Member of the Alabama House of Representatives from the 26th district
- In office 1978–1990
- Preceded by: Hinton Mitchem

Personal details
- Born: Thomas Euclid Rains November 24, 1920 DeKalb County, Alabama, U.S.
- Died: August 27, 2000 (aged 79) Geraldine, Alabama, U.S.
- Party: Democratic
- Spouse: Nell Rains
- Alma mater: Jacksonville State University

= Euclid Rains =

American politician (1920–2000)

Thomas Euclid Rains (November 24, 1920 – August 27, 2000) was an American politician. He served as a Democratic member for the 26th district of the Alabama House of Representatives.

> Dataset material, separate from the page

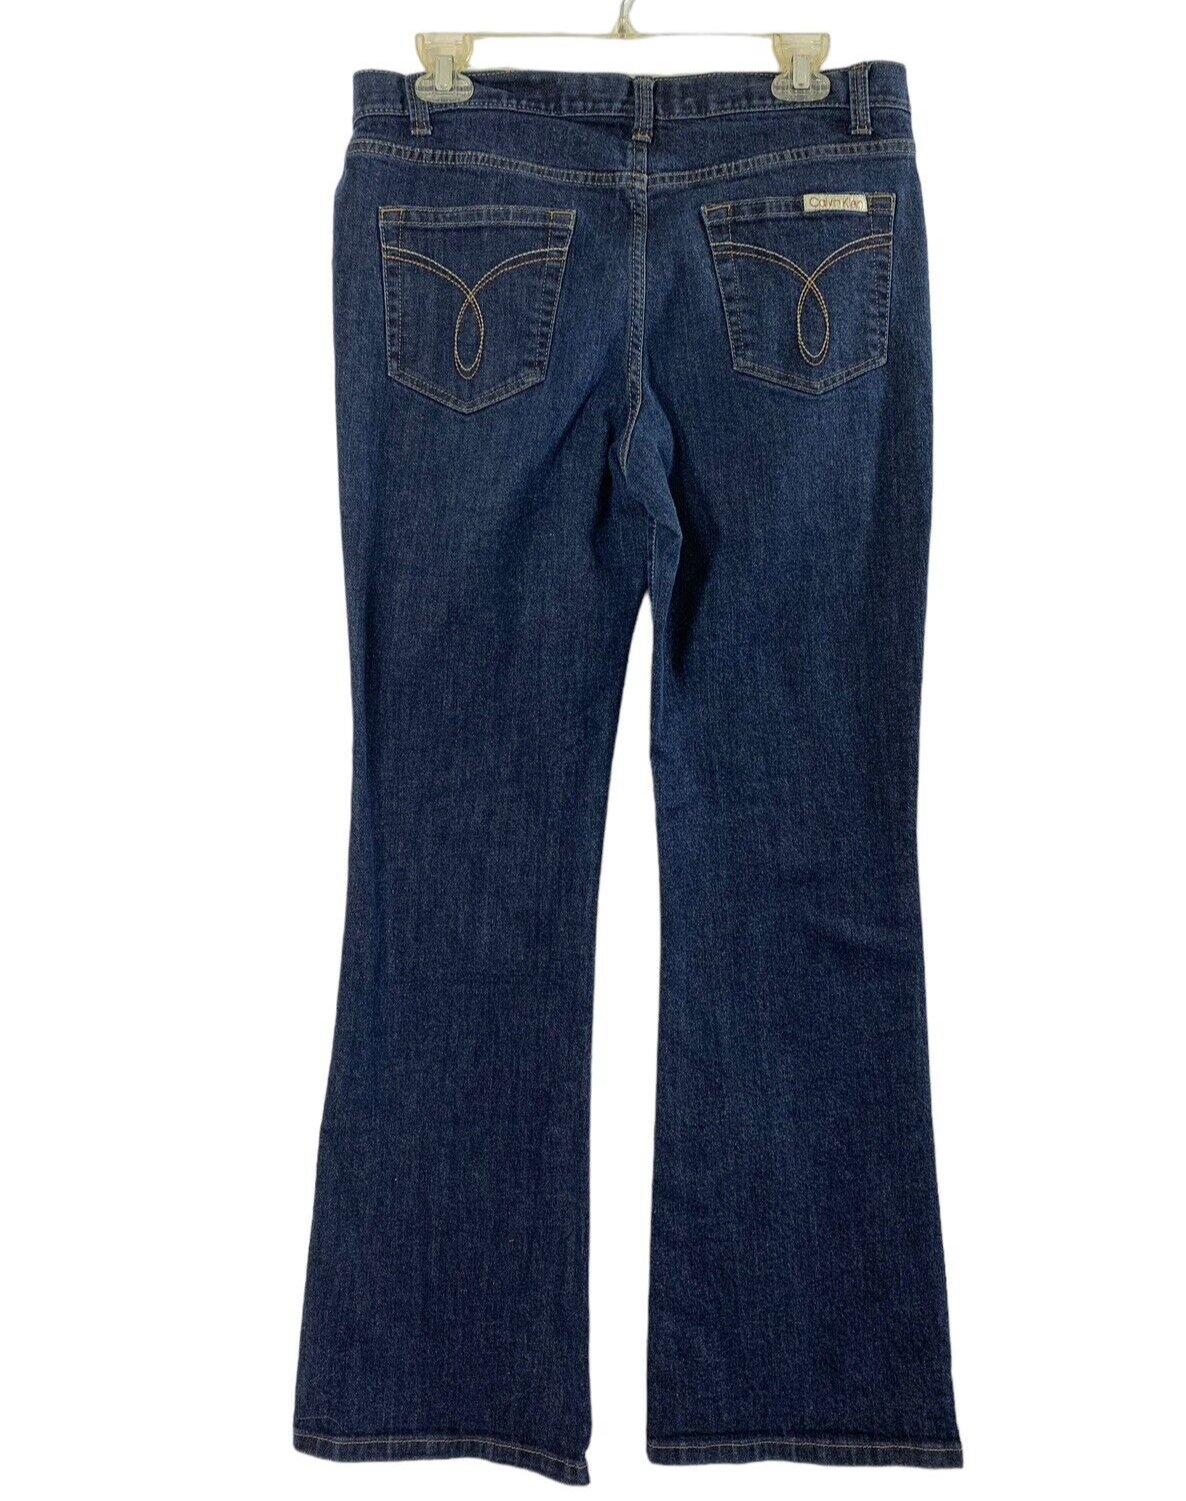 Calvin Klein Flare Jeans Womens 10 Dark Wash Denim Mid Rise | eBay

Rain was born in DeKalb County, Alabama, the son of Annie Ruth Slate and Thomas Rains. At the age of five, Rains became blind after an accident that involved scissors, causing damage to his left eye. He was diagnosed with sympathetic ophthalmia in the right eye at the age of seven.

Rains attended at the Alabama Institute for the Deaf and Blind, from which he graduated in 1941. He then attended Jacksonville State University, graduating in 1944. Rains's decision to attend the university came after his mother read newspaper articles to him.

After college, Rains started a manufacturing business.

In 1978, Rains was elected to represent the 26th district in the Alabama House of Representatives, succeeding Hinton Mitchem. In 1990, Rains decided not to run for re-election.

Rains wrote a memoir about his young years titled I'm Not Afraid of the Dark.

Rains died in August 2000 of a single-vehicle collision next to his home in Geraldine, Alabama, along with his wife, Nell. He was 79 at the time.